Ah, I missed that you are referring to the special i == 0 case. I can
do assignment, yes, you are right. I'll probably also extract it out
of the loop to make it less confusing.
>
> >
> >>
> >>> + continue;
> >>> + }
> >>
> >> Maybe pull i == 0 case out of the for loop?
> >>
> >>> +
> >>> + if (btf_is_composite(t)) {
> >
> > [...]
> >
> >>> +
> >>> + if (spec->len == 0)
> >>> + return -EINVAL;
> >>
> >> Can this ever happen?
> >
> > Not really, because I already check raw_len == 0 and exit with error.
> > I'll remove.
> >
> >>
> >>> +
> >>> + return 0;
> >>> +}
> >>> +
> >
> > [...]
> >
> >>> +
> >>> +/*
> >>> + * Given single high-level accessor (either named field or array index) in
> >>> + * local type, find corresponding high-level accessor for a target type. Along
> >>> + * the way, maintain low-level spec for target as well. Also keep updating
> >>> + * target offset.
> >>> + */
> >>
> >> Please describe the recursive algorithm here. I am kinda lost.
> >
> > Explained above. I'll extend description a bit. But it's just
> > recursive exhaustive search:
> > 1. if struct field is anonymous and is struct/union, go one level
> > deeper and try to find field with given name inside those.

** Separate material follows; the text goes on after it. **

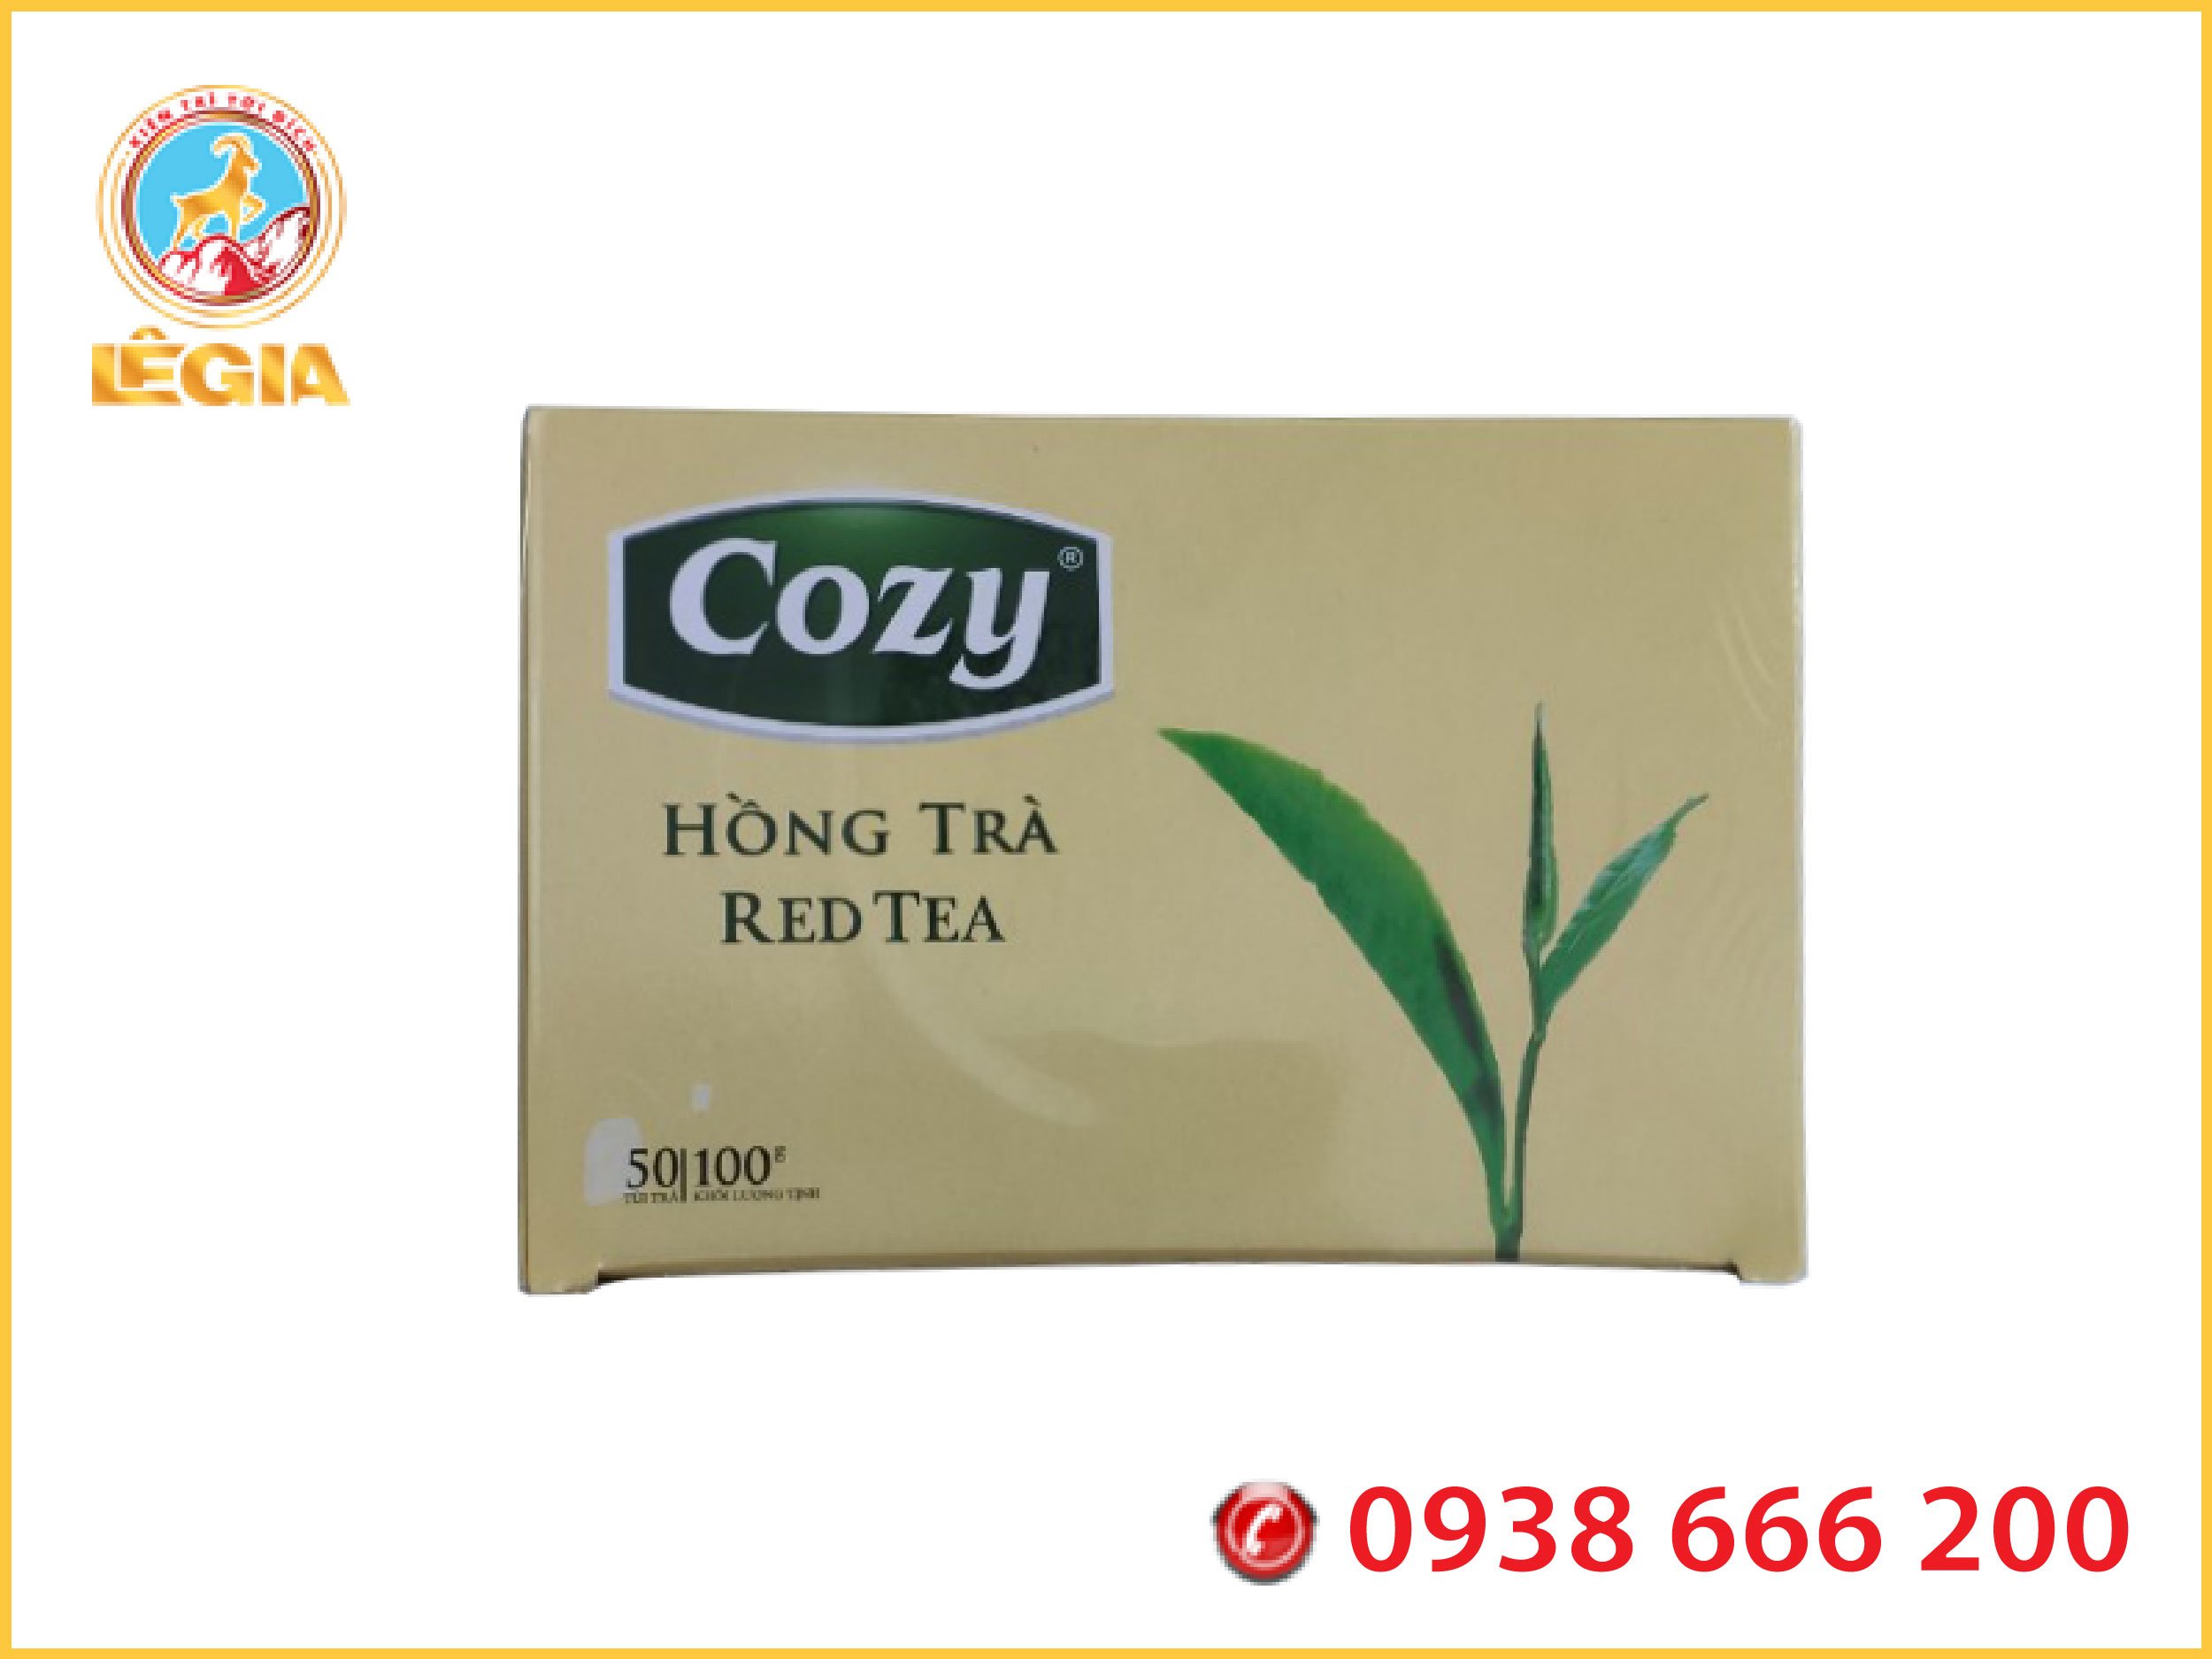 Hồng Trà Cozy túi lọc 50g 25 gói x 2g pha trà, trà sữa

> > 2. if field has name and it matched what we are searching - check type
> > compatibility. It has to be compatible, so if it's not, then it's not
> > a match.
> >
> >> Also, please document the meaning of zero, positive, negative return values.
> >
> > Ok. It's standard <0 - error, 0 - false, 1 - true.
> >
> >>
> >>> +static int bpf_core_match_member(const struct btf *local_btf,
> >>> + const struct bpf_core_accessor *local_acc,
> >>> + const struct btf *targ_btf,
> >>> + __u32 targ_id,
> >>> + struct bpf_core_spec *spec,
> >>> + __u32 *next_targ_id)
> >>> +{
> >
> > [...]
> >
> >>> + if (local_acc->name) {
> >>> + if (!btf_is_composite(targ_type))
> >>> + return 0;
> >>> +
> >>> + matched = bpf_core_match_member(local_spec->btf,
> >>> + local_acc,
> >>> + targ_btf, targ_id,
> >>> + targ_spec, &targ_id);
> >>> + if (matched <= 0)
> >>> + return matched;
> >>> + } else {
> >>> + /* for i=0, targ_id is already treated as array element
> >>> + * type (because it's the original struct), for others
> >>> + * we should find array element type first
> >>> + */
> >>> + if (i > 0) {
> >>
> >> i == 0 case would go into "if (local_acc->name)" branch, no?
> >
> > No, i == 0 is always an array access. s->a.b.c is the same as
> > s[0].a.b.c, so relocation's first spec element is always either zero
> > for pointer access or any non-negative index for array access. But it
> > is always array access.
>
> I see. Thanks for the explanation.
>
> Song